F5 fixes 25 flaws in BIG-IP, BIG-IQ, and NGINX products

Pierluigi Paganini January 24, 2022

Cybersecurity provider F5 released security patches to address 25 vulnerabilities affecting its BIG-IP, BIG-IQ, and NGINX products.

Cybersecurity firm F5 announced security patches for 25 vulnerabilities affecting its BIG-IP, BIG-IQ, and NGINX products.

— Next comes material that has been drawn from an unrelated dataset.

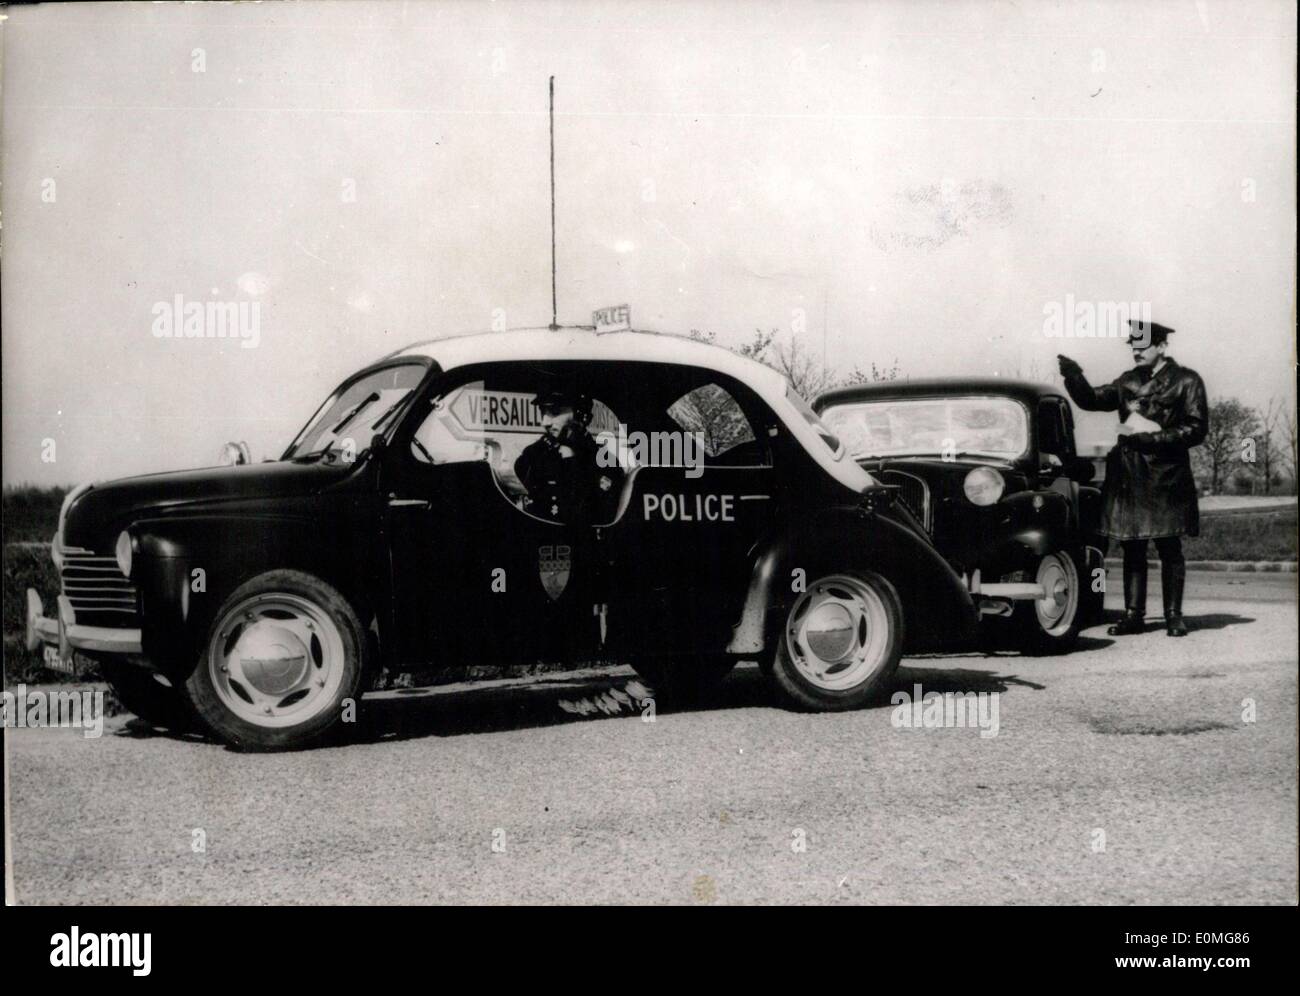 Apr. 22, 1955 - Parigi poliziotti del traffico per avere nuove Speedy pattuglia delle vetture: il nuovo 4 H.P. Auto di pattuglia messo in servizio dalla polizia di Parigi per il traffico dei poliziotti. La vettura è dotata di un ricevitore radio e del mittente. Foto Stock

Most of the vulnerabilities (23) addressed by the company affect the BIG-IP application delivery controller (ADC), 13 of them have been rated as high-severity issues (CVSS score 7.5).

The issues received CVEs between CVE-2022-23010 to CVE-2022-23032.

The vulnerabilities can cause the termination of the Traffic Management Microkernel (TMM), can lead to an increase in memory resource utilization, freezing virtual servers, or executing JavaScript code.

F5 addressed the flaws with the release of versions 14.x, 15.x, and 16.x.

The security provider also addressed two high-severity vulnerabilities in BIG-IQ centralized management and NGINX controller API management tracked as CVE-2022-23009 and CVE-2022-23008 respectively.

Regarding the CVE-2022-23008 flaw, an authenticated attacker with access to the ‘user’ or ‘admin’ role can use undisclosed API endpoints on NGINX Controller API Management to inject JavaScript code that is executed on managed NGINX data plane instances.

All the medium-severity vulnerabilities affect BIG-IP, but the CVE-2022-23023 issue also impacts BIG-IQ as well.

The company has also addressed a low-severity vulnerability, tracked as CVE-2022-23032, that can lead to a DNS rebinding attack.

The United States Cybersecurity and Infrastructure Security Agency (CISA) published a security advisory to encourage administrators to review the F5 security advisory.

“F5 has released its January 2022 Quarterly Security Notification addressing vulnerabilities affecting multiple versions of BIG-IP, BIG-IQ, and NGINX Controller API Management. A remote attacker could exploit these vulnerabilities to either deny service to, or take control of, an affected system.” reads the advisory published by CISA.

“CISA encourages users and administrators to review the F5 security advisory and install updated software or apply the necessary mitigations as soon as possible.”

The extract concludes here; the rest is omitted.